Cabuyao Mansion (formerly the Marcos Twin Mansion) is a government-owned mansion located at Brgy. Casile, Cabuyao. The mansion was built in the 1980s during the administration of the former Philippine president Ferdinand Marcos. It was then sequestered in 1987 as part of the ill-gotten properties that were acquired by the Marcos family. In 2010, the Sandiganbayan ordered the return of the property to the Marcos Family. However, in 2017 the Supreme Court of the Philippines released a hold order on this, and the property is still currently under control of the Presidential Commission on Good Government.

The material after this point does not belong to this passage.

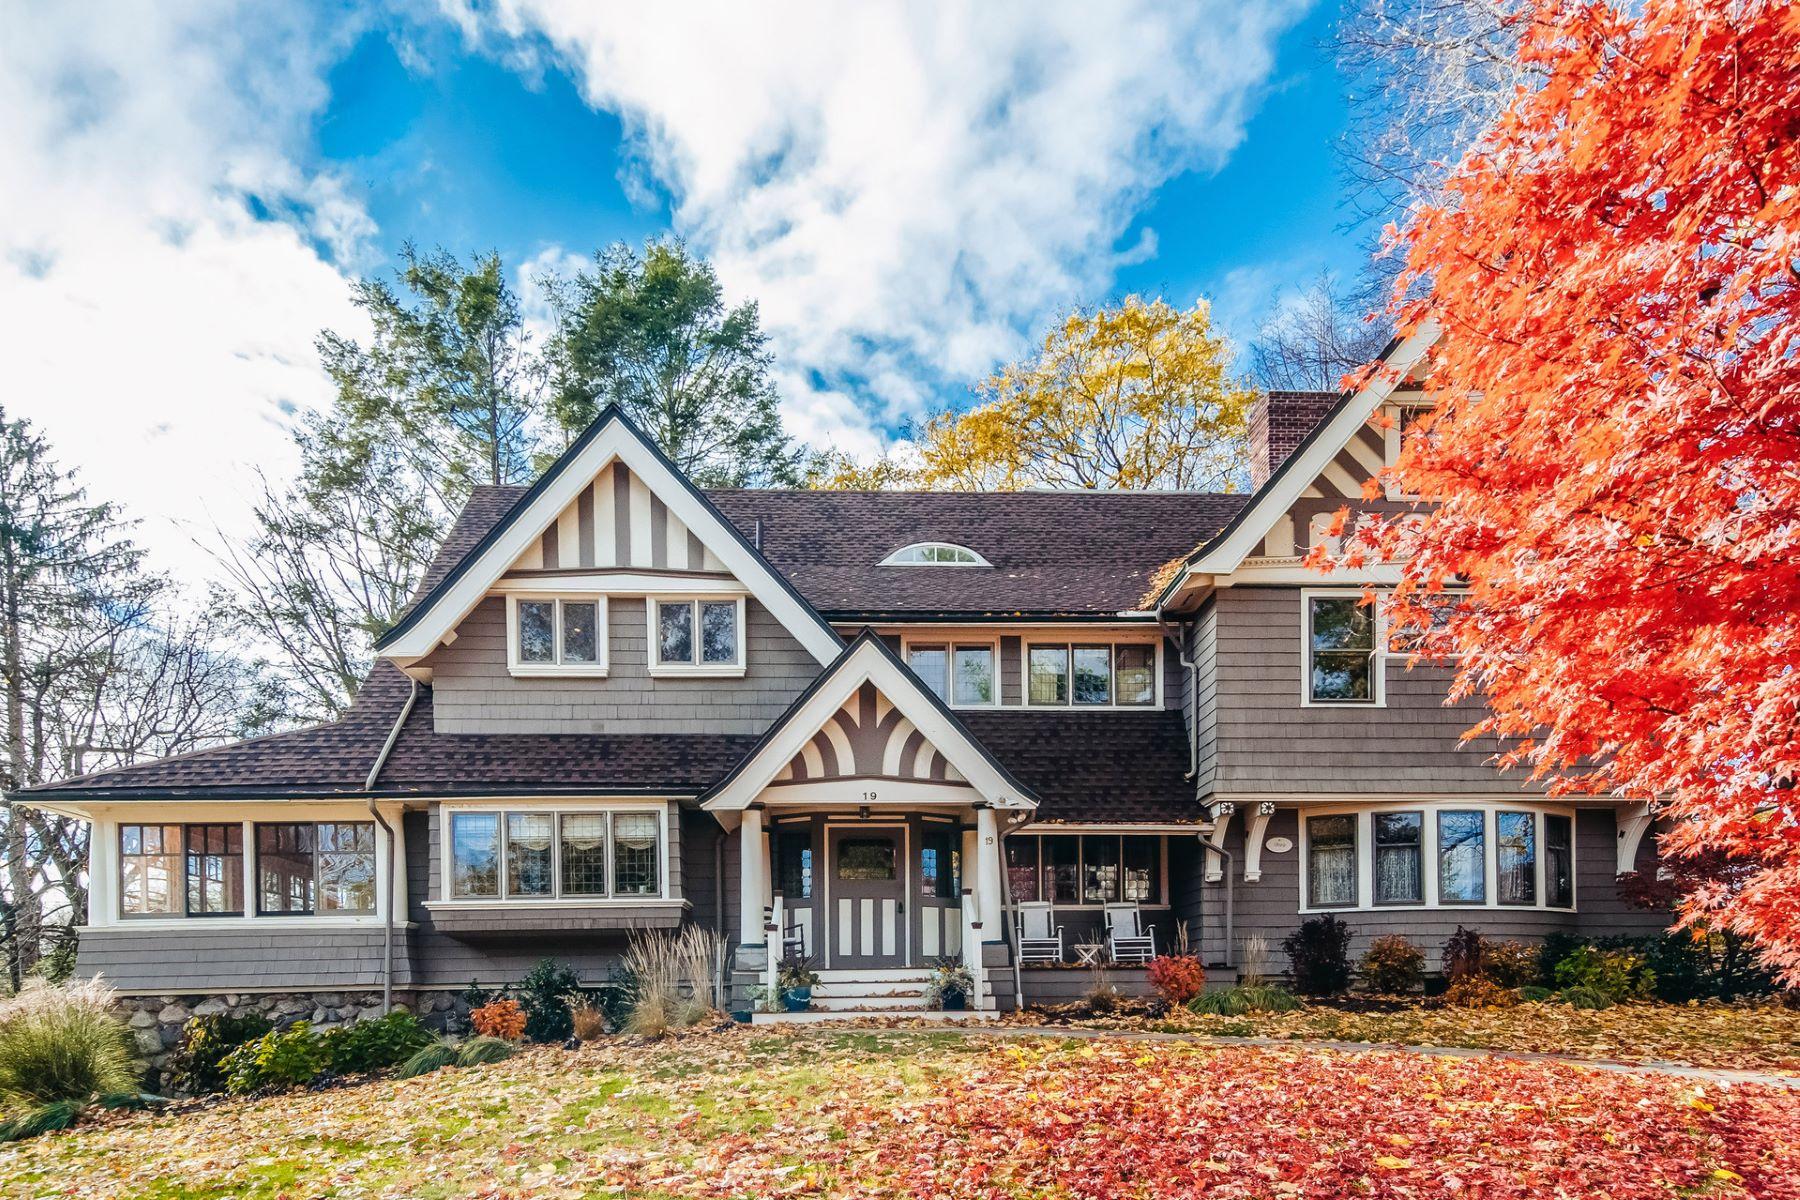 Single Family Home for Sale at 19 Burnham Road, Newton 19 Burnham Rd Newton, Massachusetts 02465 United States

The mansion is located west of Canlubang Golf & Country Club and north of Matang Tubig and northeast of People's Park in the Sky, It is located near neighboring cities and towns of Biñan, Sta. Rosa, Calamba, Silang, Cavite and Carmona, Cavite. In recent years, it has been the site of filming for several local horror and historical films and is often visited by cyclists who are traversing the Tagaytay-Calamba Road, or popularly known as "RevPal".

== See also ==
- Ferdinand Marcos
- Casile, Cabuyao
- Matang Tubig
- Canlubang Golf & Country Club
- Marcos mansions
- Unexplained wealth of the Marcos family
- Haunted Mansion (2015 film)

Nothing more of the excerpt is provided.